There are few industries that have as many regulatory challenges involving how to process and control its products as the life science industry — pharmaceuticals, biotechnology, medical devices and the contract companies that support them. Some companies may be able to remediate their existing legacy Enterprise Resource Planning (ERP) systems to meet compliance mandates; however, most “IT systems” simply will not support new compliance or global business mandates without significant total cost of ownership challenges. This has led many life science organizations to implement new purpose-built, commercially available software or “secondary solutions” and integrate them into existing ERP technologies. This approach, as opposed to costly development of custom-coding ERP software into operational systems, provides a “best-in-breed” holistic IT system for operational excellence on a global scale. Typical “secondary solutions” include Laboratory Information Management Systems (LIMS), Electronic Notebook Systems (ELN), Lab Execution Systems (LES) and/or Electronic Batch Record (EBR) systems for quality and manufacturing operations.
The controlling system with respect to final product manufacturing and release to the marketplace is the ERP system; however, this system must be data-fed by other workflow automation systems to capture, catalog, specify, track/trace and approve data through the entire raw materials to in-process to final product manufacturing process. In fact, this product lifecycle management process starts at the development stage of the formulation, synthesis or bioprocess and analytical methods creation stages and has an increasing importance with respect to downstream Quality by Design (QbD) operational needs of the industry.
Operational Excellence Requires Operational Data
The mantra in the C-suite for life science companies is “Operational Excellence” from all segments of the supply chain, both internal and external. As companies initiate “lean” or “six-sigma” programs and begin the now-popular externalization of processes that previously were performed in-house — from R&D through pilot operations and now into full CMO-based API production and packaging — executive managers are becoming increasingly aware that their information/data management infrastructure requires updating. Past practices of patching custom-coded business practices into years-old existing ERP and LIMS systems are fast becoming a bottleneck with respect to both the time and costs necessary to complete the task and the compliance overload it creates for validating any custom programming effort.
A key strategic element to a successful Operational Excellence effort is capturing and cataloging the experimental and operational data streams as the product transitions from early phase development through pilot and into commercial operations. These data constitute the foundation for true data management transformation to operational wisdom (see Figure 1).
Figure 1 – The data management requirements for global operational excellence begin at the early stages of a product’s lifecycle and continue through full commercial operations.
Custom-Coding vs. Purpose-built Solutions
The data feeds for operations and the source for operational excellence programs, generally come from a master ERP system and a LIMS, as well as from a large array of paper-based “systems,” be they in Microsoft Word, Excel, lab notebooks or point-workflow logbooks. The data can be difficult to access and generally does not correlate with any true context of daily workflows. Often there is a lot of manual approvals and manual transcription of data/information into other electronic systems. In the life science industry, this translates into a host of compliance risks for data accuracy and integrity and is often the cause of deviations to cGMP guidance. In fact, the majority of FDA-related 483 observations occur because personnel do not accurately follow written procedures.
Often, IT management initiates a large investment in customizations or configurations of existing systems (ERP, LIMS etc.) in an attempt to automate the data capture processes. Again, these customizations require specialists, often from outside the organization as consultants, to define, custom-code and implement solutions that will automate the workflows and data capturing processes and define the compliance and validation tasks required by cGMP regulations. The bottom line is these customizations are difficult to implement and are often too costly in the long run to maintain.

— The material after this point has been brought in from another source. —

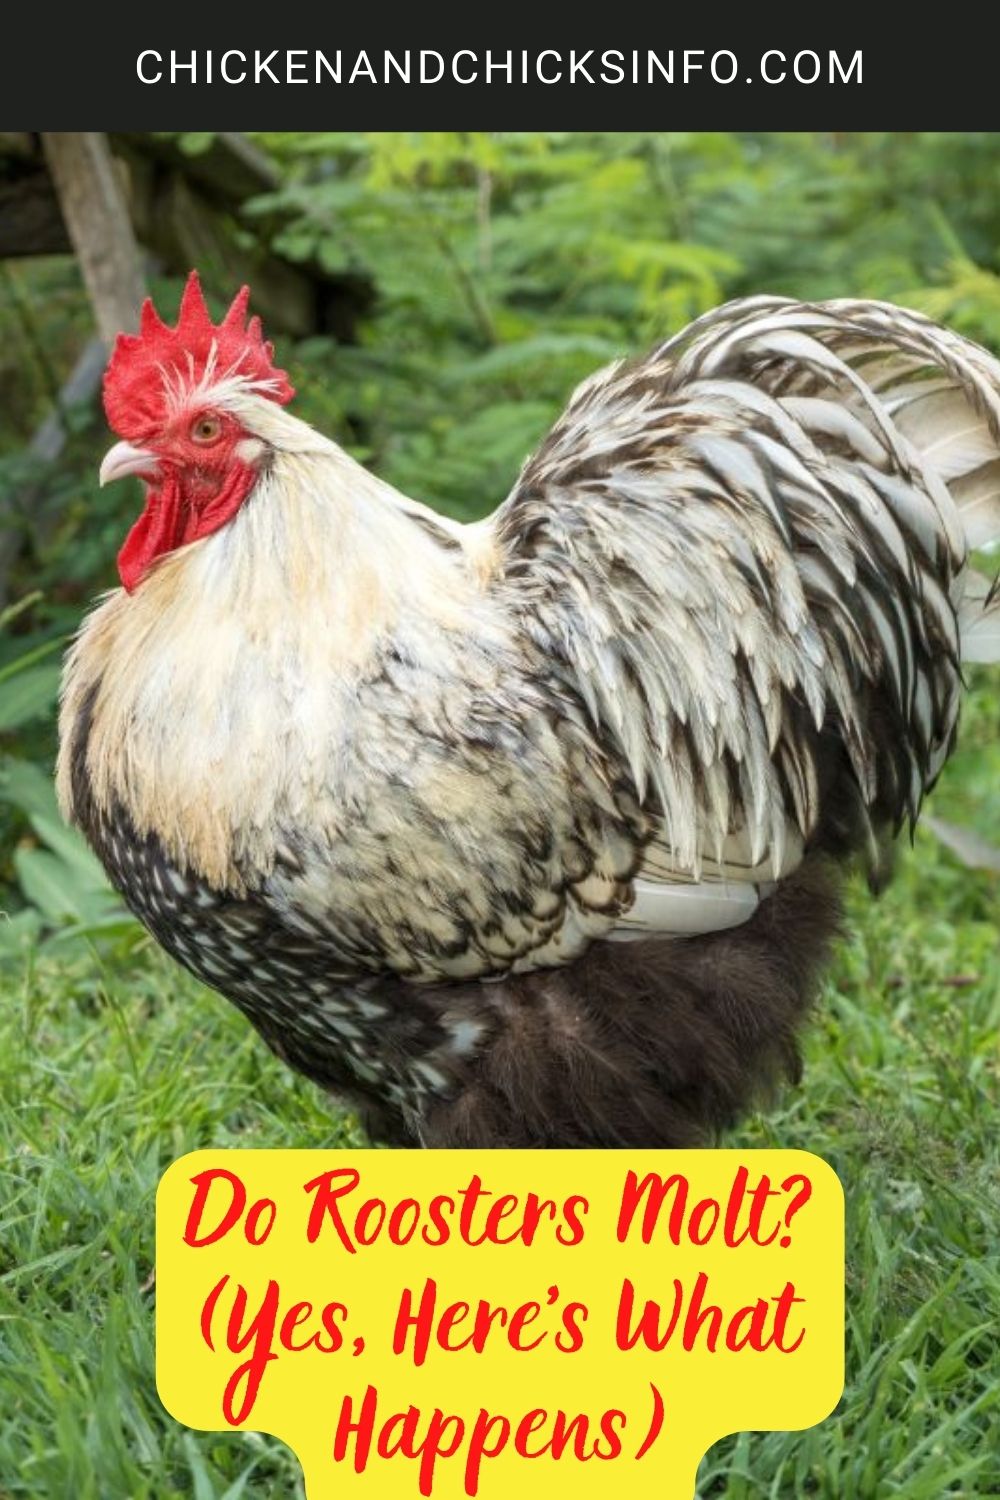 Do Roosters Molt? (Yes, Here’s What Happens) poster.

The solution is to seek out purpose-built “secondary” IT systems that are already complete and are installed and validated in a few months versus the year or so needed for customized “solutions.” These secondary solutions include process development ELNs, QC/QA LES, LIMS applications designed for the life science industry, and EBR systems. These product-based solutions versus project-based customizations are the key to short-term success for any operational excellence initiative (see Figure 2).
Figure 2 –Product-based IT solutions outline data capture and databases across the process development and execution environment and search tools to access and report information across the continuum. Product and lot releases from ERP are governed by these “secondary IT systems.”
Quality by Design Provides Agility
A recent operational efficiency initiative, endorsed by regulatory agencies, is Quality by Design (QbD). Under the QbD process, an operational “design space” is developed by using the development data to support an operational window, allowing production to modify or adjust process conditions (i.e., temperature, pressure, pH, etc.) to account for variations in raw materials or process conditions that fall within the operating guidelines of the design space. This provides the ability to adjust manufacturing processes, as close to real-time as needed, to bring product-critical quality attributes (CQAs) into alignment without notifying the agency for approvals. This alone provides operational excellence conditions that did not exist a decade ago. The key IT component for QbD is the development data containing cause and effect relationships useful for QbD correlations during plant operations and events.